Fuelled by acquisitions and a mega-deal with Tesco Underwriting, last year Ageas increased gross written premium (GWP) by 70% to £1.7bn and is now targeting £400m GWP insurer Groupama.
News of the deal was welcomed by brokers keen to see an end to the uncertainty surrounding Groupama UK. Its eurozone-hit parent was dumped into junk territory by agency Standard & Poor’s in June.
The deal is seen as a good fit in terms of the culture and business mix of the two companies.
In personal lines Groupama UK is heading for a year-end of £300m GWP, split between non-standard and standard products - mainly in motor, Ageas’s biggest line.
Ageas chief executive Barry Smith is also keen to grow the commercial book and Groupama is on target to produce between £100m and £120m GWP in commercial SME by the year-end.
The question for Smith is how much Groupama business he will have to shed to pave the way for its integration into Ageas.
Ageas would probably absorb about half the commercial book and keep Groupama’s motorcycle account - an area it is growing - but cast off a large chunk of the private motor book.
Groupama has faced fierce competition from rivals AXA and Aviva, which have been attempting to poach its business amid market uncertainty.
The book value of Groupama’s UK insurance arm is about £200m on paper but the final price may be below that figure following the problems caused by its parent’s junk status rating.
Groupama’s Paris-based bosses, who are being advised by Deutsche Bank, will ultimately decide whether to sell or not.
They are determined not to sell on the cheap, but are aware of broker pressure in the UK to end uncertainty and that Ageas is seen as an ideal home.
Market sources said the Ageas deal was a “last chance saloon” for Groupama to sell the UK arm. The business has been on the market for nine months but no buyer has been found as yet.
Support for the sale
Motorbike specialist MCE Insurance chief executive Julian Edwards welcomed the possibility.
“Ageas is best of breed at what it does - the acquisitions it makes seem to work,” he said. “I believe that it will be a good news day for most people involved.”
Giles chief executive Brendan McManus added: “If it happens it will be good news.”
Neither Ageas nor Groupama would comment on the deal, other than Ageas’s confirmation of talks.
Groupama UK chief executive François-Xavier Boisseau has rejected suggestions that the company is in trouble.
The insurer produced a combined ratio of 98.8% for the first half of 2012 and pre-tax profits grew 20% to £22.2m compared with the same period in the previous year.
According to Boisseau, Groupama’s UK solvency margin, measured on a Solvency I basis, was 218% as of 30 June - up from 174% on the same date last year.
Talking points …
● If Groupama is bought by Ageas what will happen to its broking arms? Bollington looks set for a private equity-backed management buy-out, motorbike broker Carole Nash for a trade sale.
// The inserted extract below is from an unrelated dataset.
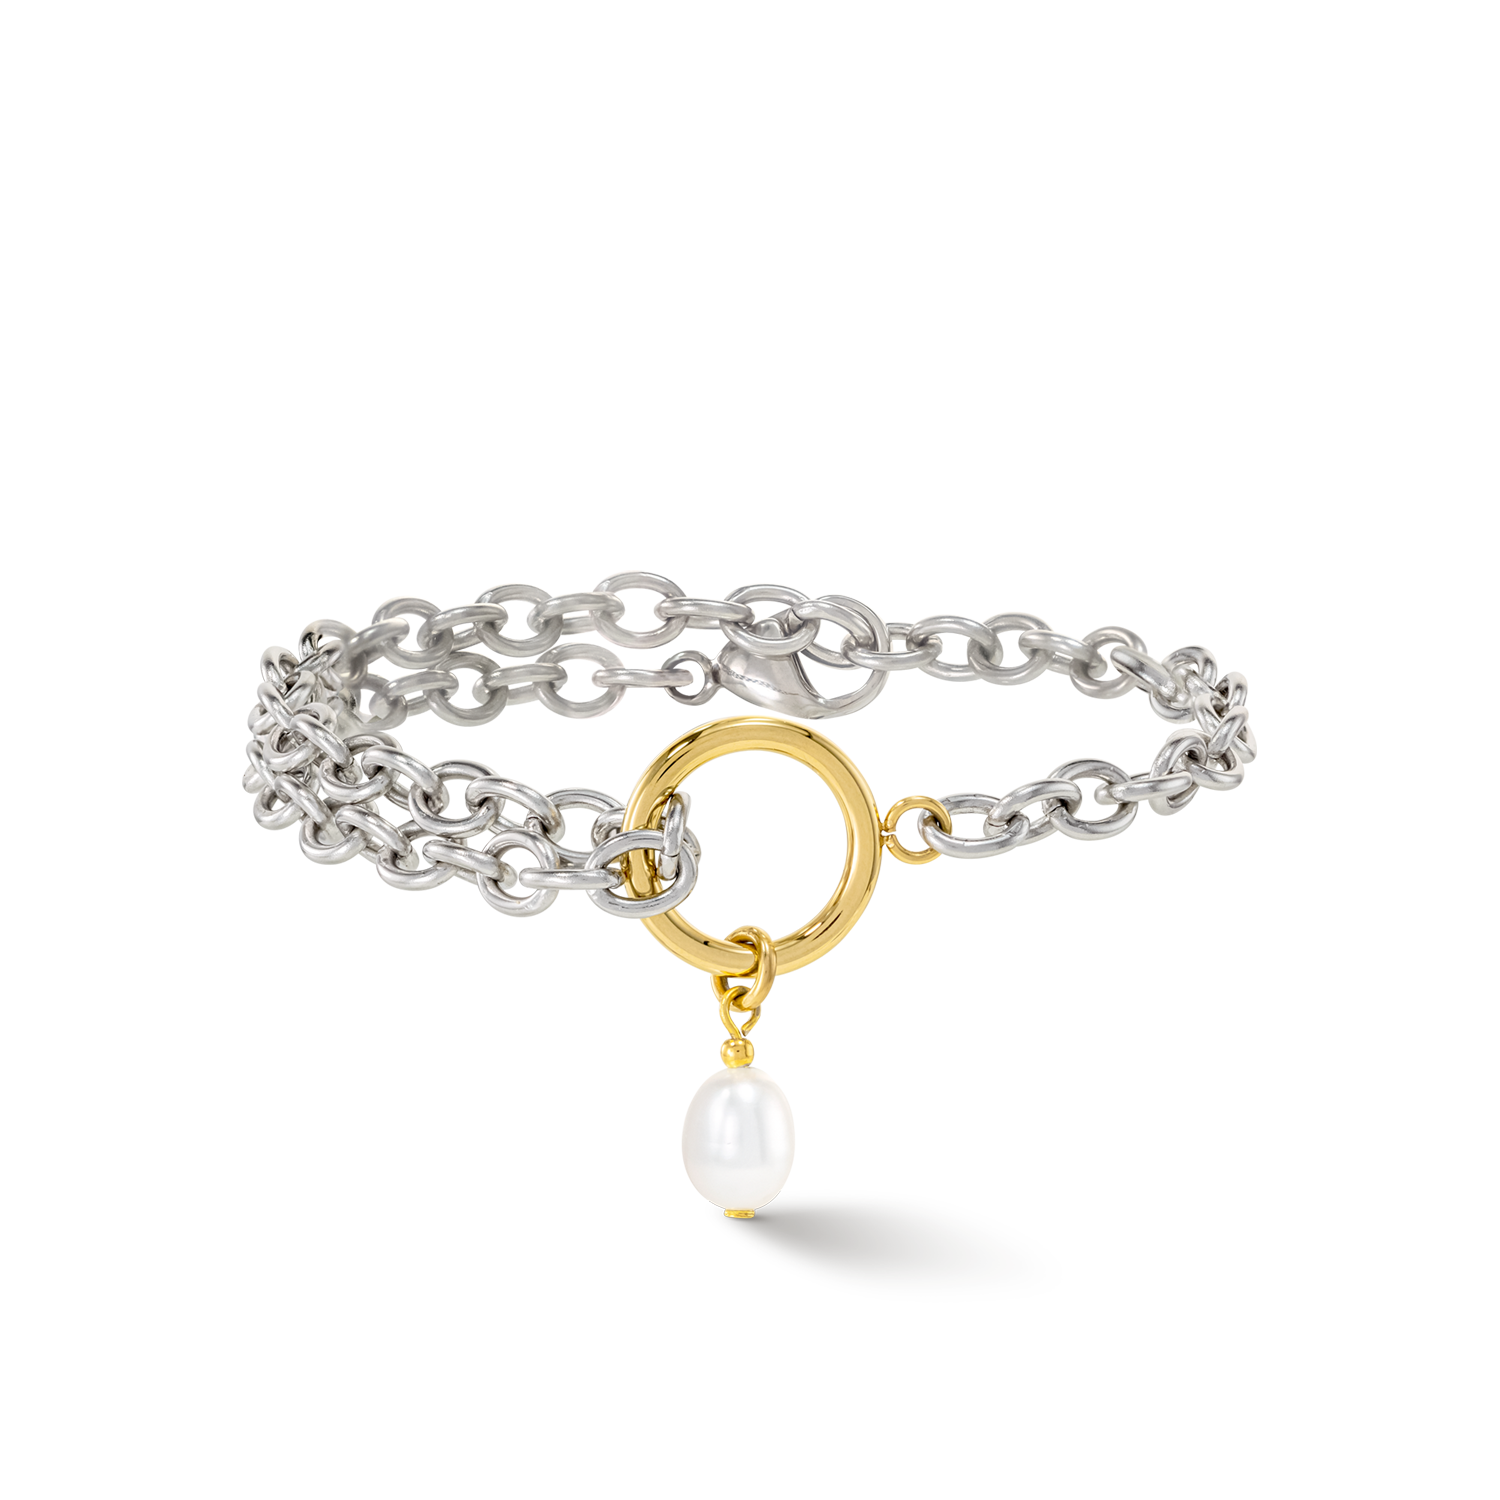 Armband Y & ovale Süßwasserperlen mit O-Ring bicolor

● Ageas is made up of an insurance arm and diverse distributors - Kwik-Fit, Castle Cover and RIAS. Chief executive Barry Smith will bulk up the business with Groupama, but how long can he continue this buy-and-build strategy?
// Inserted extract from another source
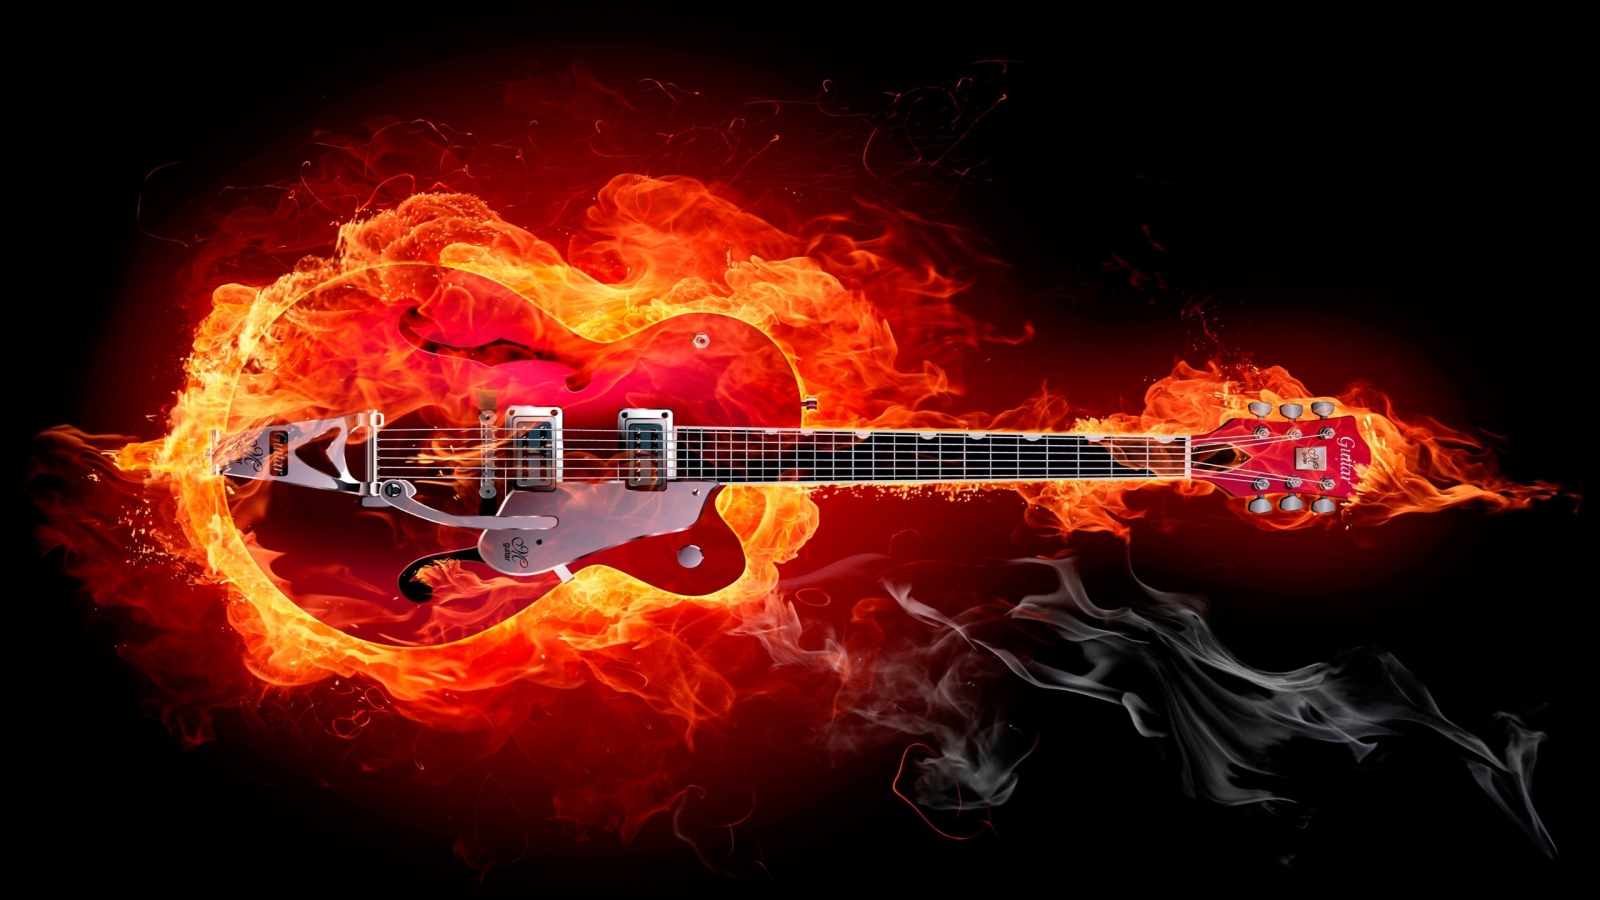 Fire Guitar for 1600 x 900 HDTV resolution

● Are the Groupama talks a back-up in case the Tesco Underwriting deal ends in a few years’ time?
“I think it would be a good deal for Ageas. The Groupama business is the right business fit for their current ethos on commercial.”
Stuart Reid, Bluefin
“It will be good to get some clarity as the sale has been going on for some time. They are a good business fit.”
Andy Jenkins, Russell Scanlan
“It seems to be a reasonable fit as far as we are concerned. It is a good thing. We now hope the deal gets done.”